Repository files navigation

Interactive LLM Proxy Server

This project is a swiss-army knife for anyone hacking on language models and agentic workflows. It sits between your LLM-aware client and any LLM backend, allowing you to translate, reroute, and augment requests on the fly. With the proxy, you can execute chat-embedded commands, override models, rotate API keys, prevent loops, and inspect every token exchanged—all from a single, drop-in gateway.

Core Features

  • Multi-Protocol Gateway: Use any client (OpenAI, Anthropic, Gemini) with any backend.
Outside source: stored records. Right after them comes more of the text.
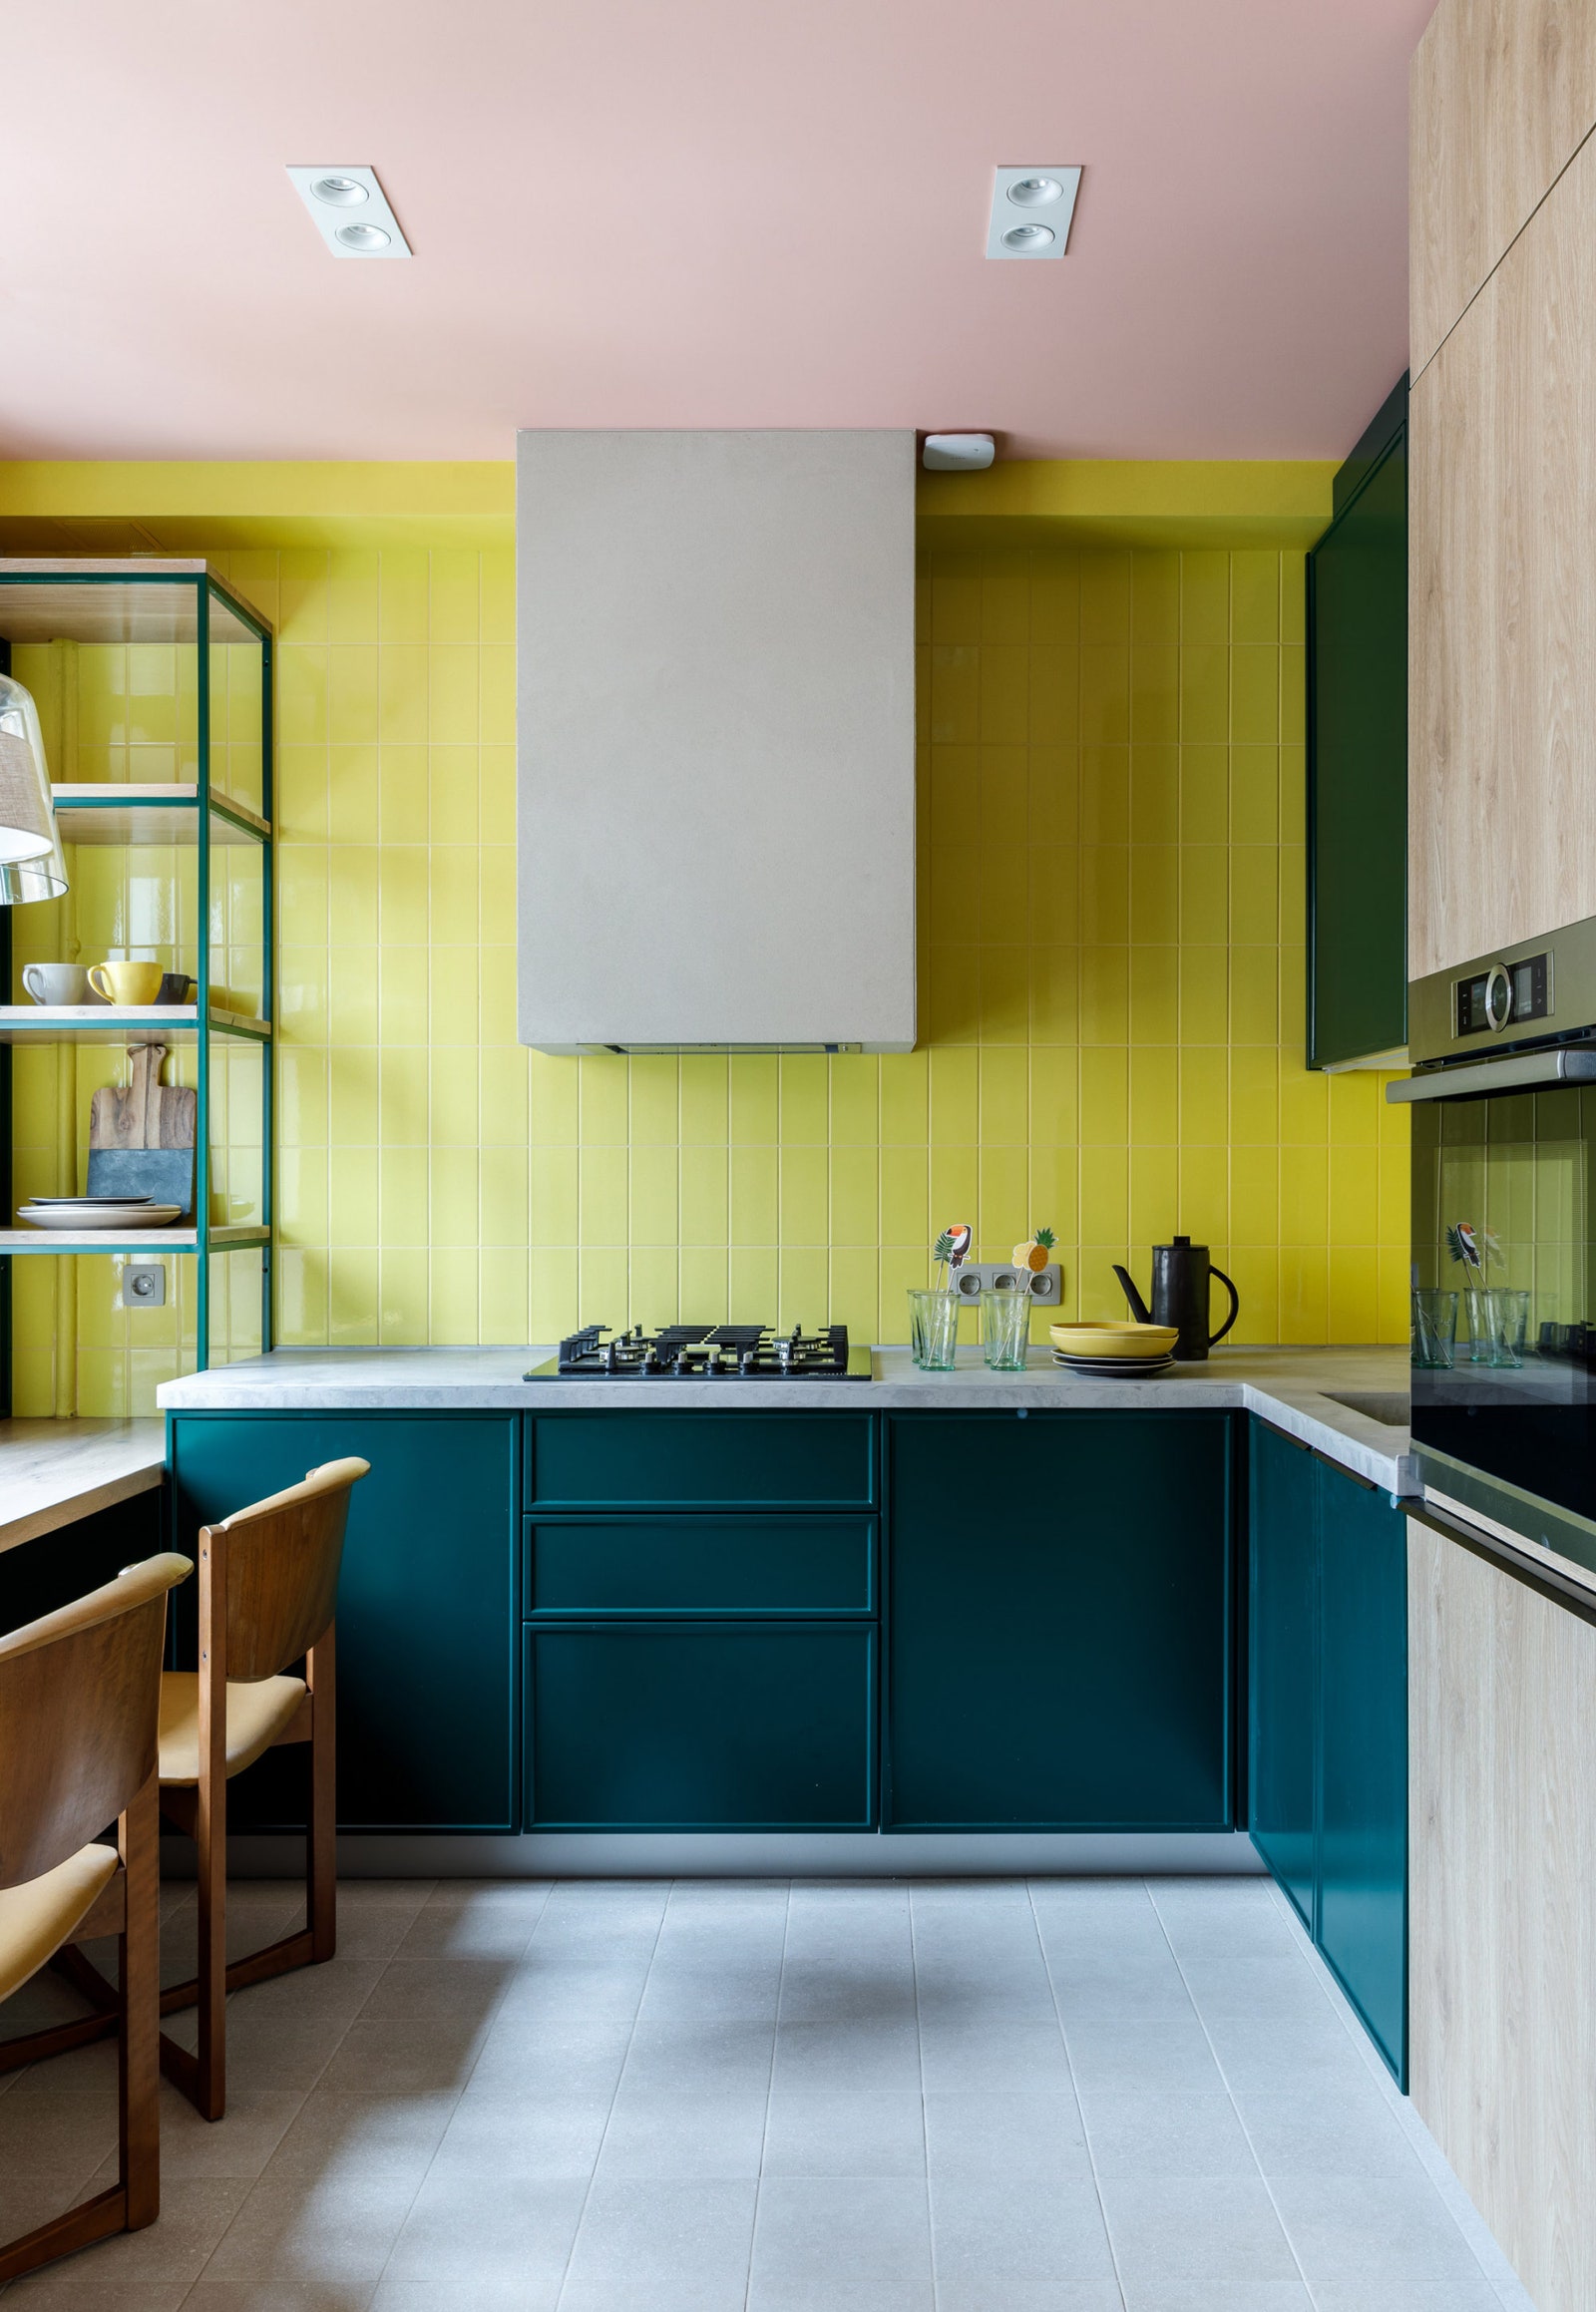 Кухня в проекте Киры Чувелевой. Гарнитур сделан на заказ и выкрашен в изумрудный цвет на полу цементная плитка Equipe...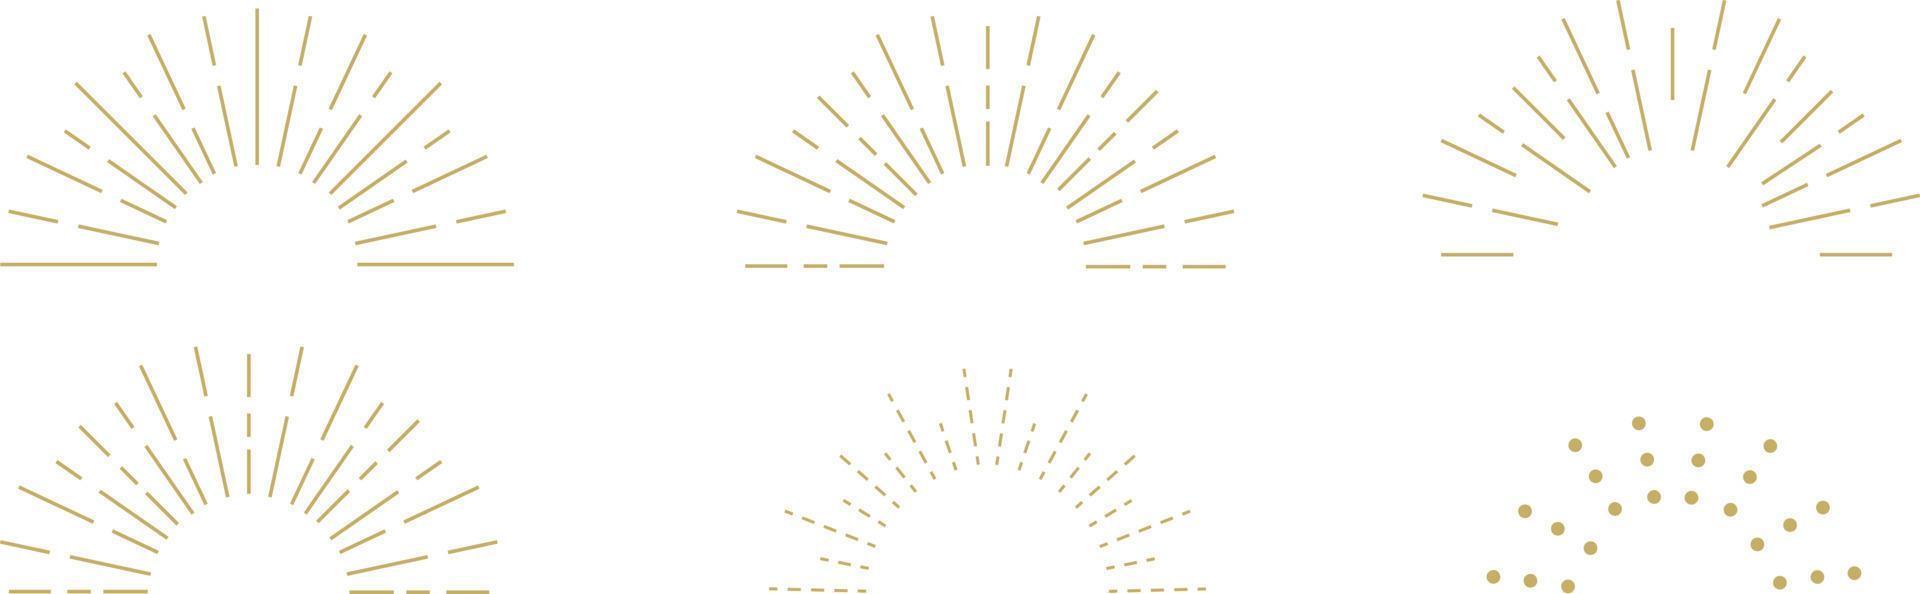 colección vintage de rayos de sol. estallido de rayos de sol. fuegos artificiales. logotipo o elemento de diseño de letras. rayos de sol radiales. ilustración vectorial vector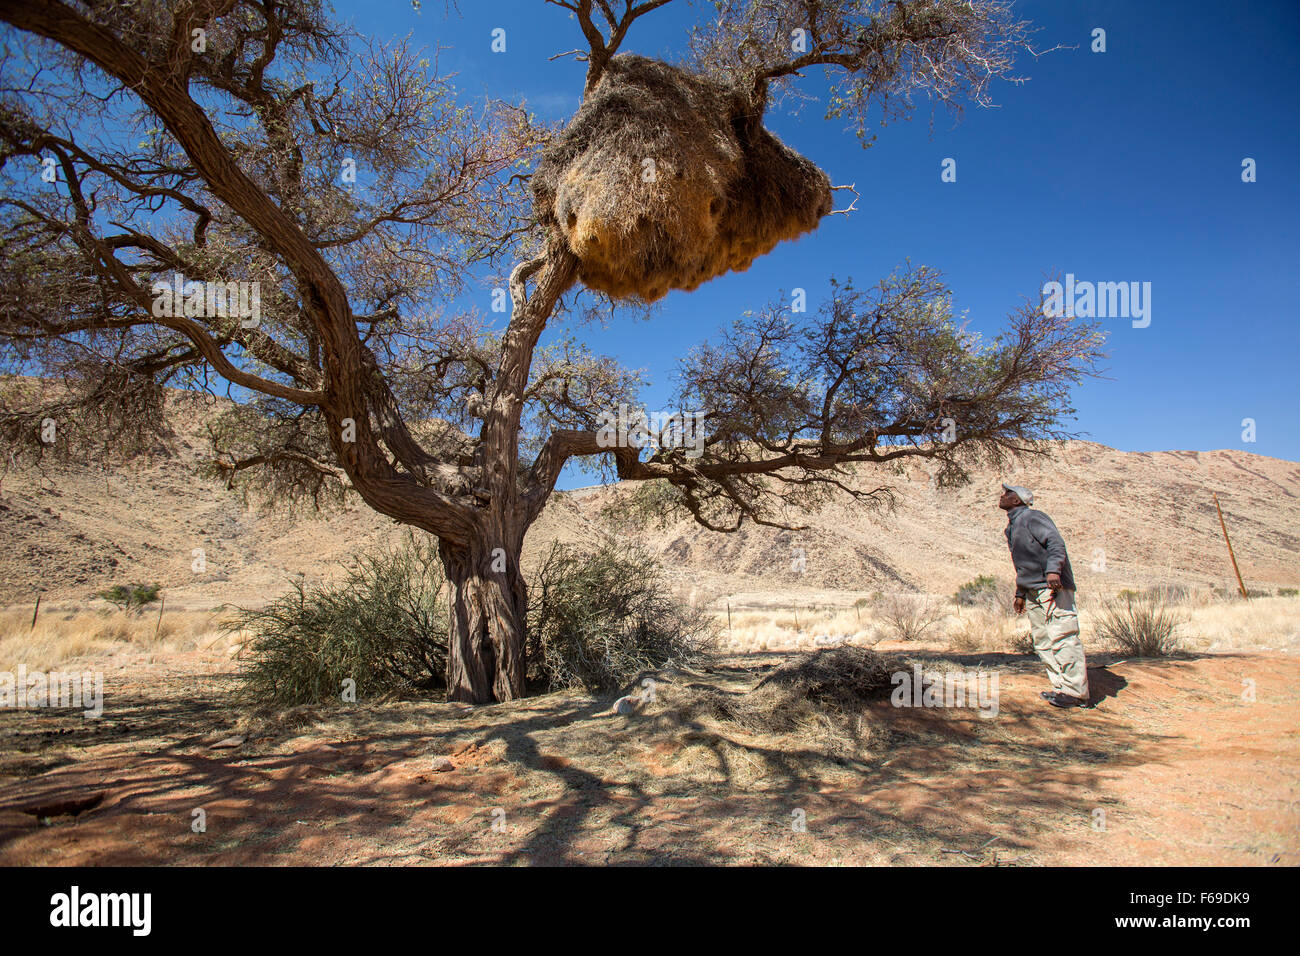 Safari guide observing social weaver bird nest, Namibia, Africa Stock Photo

The proxy handles the protocol conversion automatically.
  • Dynamic Model Override: Force an application to use a specific model via in-chat commands (!/set(model=...)) without changing client code.
  • Automated API Key Rotation: Configure multiple API keys for a backend (e.g., GEMINI_API_KEY_1, GEMINI_API_KEY_2). The proxy automatically rotates them to maximize usage and bypass rate limits.
  • Resilient Failover Routing: Define fallback rules to automatically switch to different models or backends if a request fails. See the example use case below.
  • Gemini CLI Gateway: Expose your local, free-tier Gemini CLI as a standard API endpoint for any client to use.
  • Advanced Loop Detection: Automatically detects and halts repetitive loops in real-time. Enabled by default and configurable via LOOP_DETECTION_* environment variables.
  • Comprehensive Usage Tracking: Logs all requests to a local database with endpoints (/usage/stats, /usage/recent) for monitoring costs and performance.
  • In-Chat Command System: Control the proxy on the fly using commands inside your prompts (e.g., !/help, !/set(backend=...)).
  • Security: Automatically redacts API keys and other secrets from prompts before they are sent to the LLM.
  • Unified Reasoning & Temperature Control: The proxy understands and translates reasoning parameters (e.g., reasoning_effort, thinking_budget) and temperature settings across different backends, providing consistent control.

Supported APIs & Protocol Conversion

The proxy normalises requests internally, meaning any front-end can be wired to any back-end. This unlocks powerful protocol-conversion scenarios.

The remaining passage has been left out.